## Data
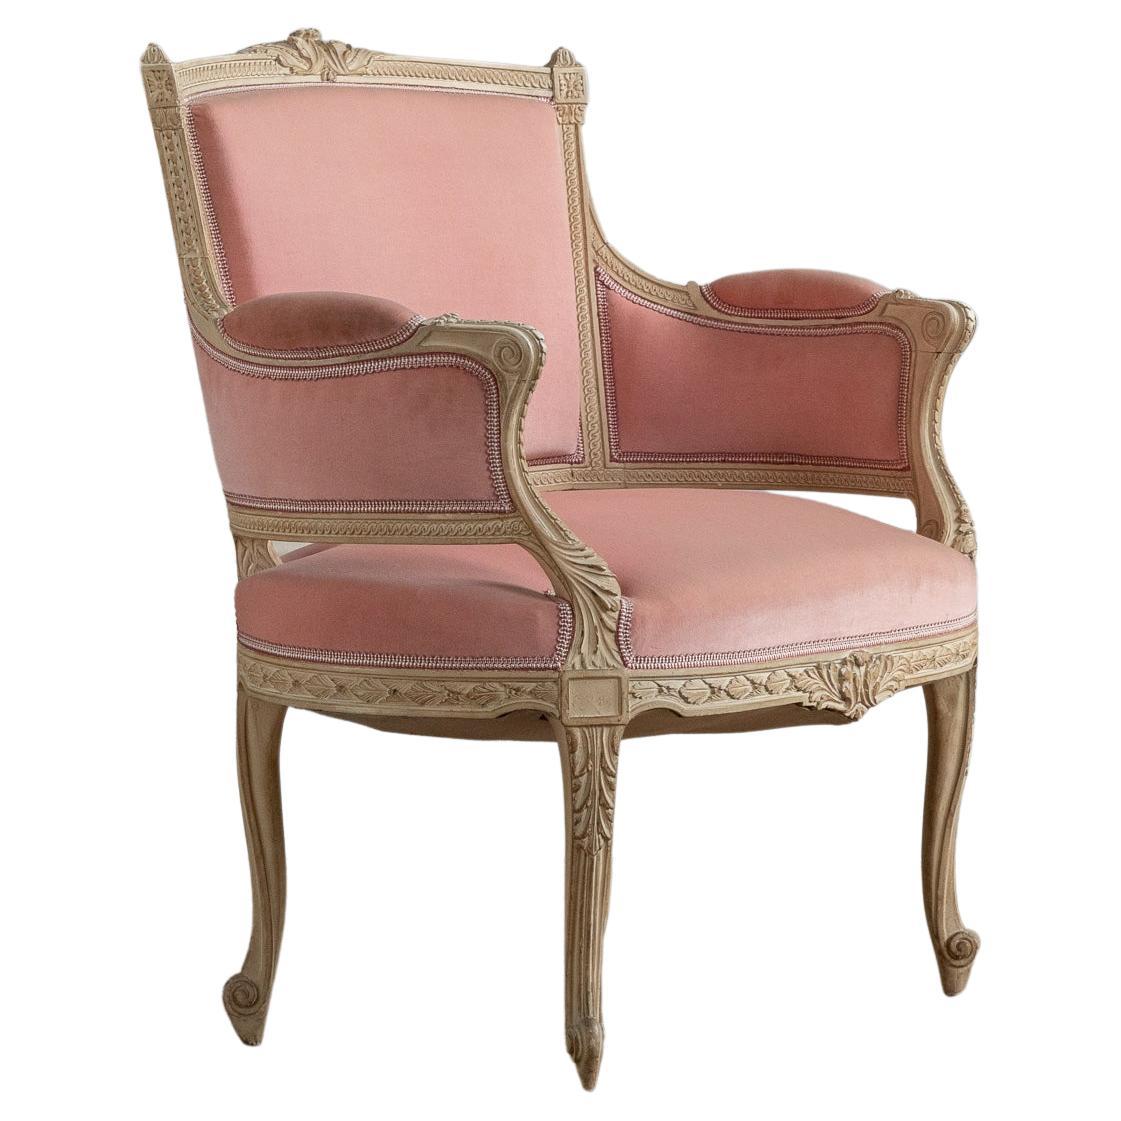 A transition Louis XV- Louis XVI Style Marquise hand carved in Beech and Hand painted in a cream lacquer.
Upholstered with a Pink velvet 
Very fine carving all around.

## Aim of the task
The result should be a verbatim copy of the data, free of pictures.

## Response
 A transition Louis XV- Louis XVI Style Marquise hand carved in Beech and Hand painted in a cream lacquer.
Upholstered with a Pink velvet 
Very fine carving all around.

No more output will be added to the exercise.